Saved entries ▸
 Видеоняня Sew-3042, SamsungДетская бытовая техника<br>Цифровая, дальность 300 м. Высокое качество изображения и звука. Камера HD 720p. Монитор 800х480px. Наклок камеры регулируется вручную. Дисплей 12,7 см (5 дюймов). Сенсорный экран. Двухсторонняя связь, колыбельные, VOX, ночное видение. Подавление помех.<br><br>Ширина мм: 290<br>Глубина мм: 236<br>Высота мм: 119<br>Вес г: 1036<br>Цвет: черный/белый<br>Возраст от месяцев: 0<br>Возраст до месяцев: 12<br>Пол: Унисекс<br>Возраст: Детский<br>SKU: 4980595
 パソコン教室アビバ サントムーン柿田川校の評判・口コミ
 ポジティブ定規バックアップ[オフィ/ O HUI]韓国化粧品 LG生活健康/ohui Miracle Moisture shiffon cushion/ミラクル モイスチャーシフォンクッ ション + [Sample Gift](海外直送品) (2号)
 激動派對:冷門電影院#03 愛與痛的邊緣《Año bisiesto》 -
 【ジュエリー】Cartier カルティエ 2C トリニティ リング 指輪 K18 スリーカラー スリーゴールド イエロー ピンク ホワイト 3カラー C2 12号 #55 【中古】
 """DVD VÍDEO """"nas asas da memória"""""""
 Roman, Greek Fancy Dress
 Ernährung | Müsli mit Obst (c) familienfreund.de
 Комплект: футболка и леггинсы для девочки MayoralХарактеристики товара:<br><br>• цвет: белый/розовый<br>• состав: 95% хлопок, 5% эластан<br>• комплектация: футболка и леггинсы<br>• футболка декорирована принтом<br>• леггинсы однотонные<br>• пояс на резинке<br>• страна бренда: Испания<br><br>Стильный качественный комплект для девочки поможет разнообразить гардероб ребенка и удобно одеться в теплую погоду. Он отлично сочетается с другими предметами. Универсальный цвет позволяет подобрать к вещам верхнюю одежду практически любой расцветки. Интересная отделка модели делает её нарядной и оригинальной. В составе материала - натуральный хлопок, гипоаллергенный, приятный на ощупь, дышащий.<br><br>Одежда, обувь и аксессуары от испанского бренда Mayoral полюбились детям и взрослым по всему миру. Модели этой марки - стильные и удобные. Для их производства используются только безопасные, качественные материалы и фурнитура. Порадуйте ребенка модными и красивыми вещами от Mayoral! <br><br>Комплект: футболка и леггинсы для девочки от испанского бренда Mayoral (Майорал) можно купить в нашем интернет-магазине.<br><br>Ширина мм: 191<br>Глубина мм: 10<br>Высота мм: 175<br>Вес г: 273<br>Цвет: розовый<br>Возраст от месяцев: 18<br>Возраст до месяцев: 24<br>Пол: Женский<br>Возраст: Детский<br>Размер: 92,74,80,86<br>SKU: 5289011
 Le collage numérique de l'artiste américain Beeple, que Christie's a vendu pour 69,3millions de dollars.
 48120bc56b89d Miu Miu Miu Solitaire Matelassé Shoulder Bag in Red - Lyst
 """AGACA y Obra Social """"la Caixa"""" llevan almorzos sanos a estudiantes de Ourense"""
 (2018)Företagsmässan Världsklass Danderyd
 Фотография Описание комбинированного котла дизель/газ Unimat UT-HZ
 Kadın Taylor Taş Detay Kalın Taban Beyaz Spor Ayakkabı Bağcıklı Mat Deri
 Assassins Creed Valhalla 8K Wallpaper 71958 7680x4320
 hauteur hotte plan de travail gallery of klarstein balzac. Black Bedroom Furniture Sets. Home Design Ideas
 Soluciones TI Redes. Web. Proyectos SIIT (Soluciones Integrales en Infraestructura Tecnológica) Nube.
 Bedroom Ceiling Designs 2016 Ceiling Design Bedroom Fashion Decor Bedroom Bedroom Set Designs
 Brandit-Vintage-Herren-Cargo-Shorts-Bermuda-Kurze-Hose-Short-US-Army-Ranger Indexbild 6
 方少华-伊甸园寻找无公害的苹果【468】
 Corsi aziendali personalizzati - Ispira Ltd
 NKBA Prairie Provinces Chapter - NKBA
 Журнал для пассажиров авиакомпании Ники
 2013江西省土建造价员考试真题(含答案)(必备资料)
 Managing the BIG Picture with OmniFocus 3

Your assignment ▸ The line containing "2013江西省土建造价员考试真题(含答案)(必备资料)" and every line after it, up to and including the last line of the records, should be reproduced exactly, with nothing else.

Answer for the task ▸
 2013江西省土建造价员考试真题(含答案)(必备资料)
 Managing the BIG Picture with OmniFocus 3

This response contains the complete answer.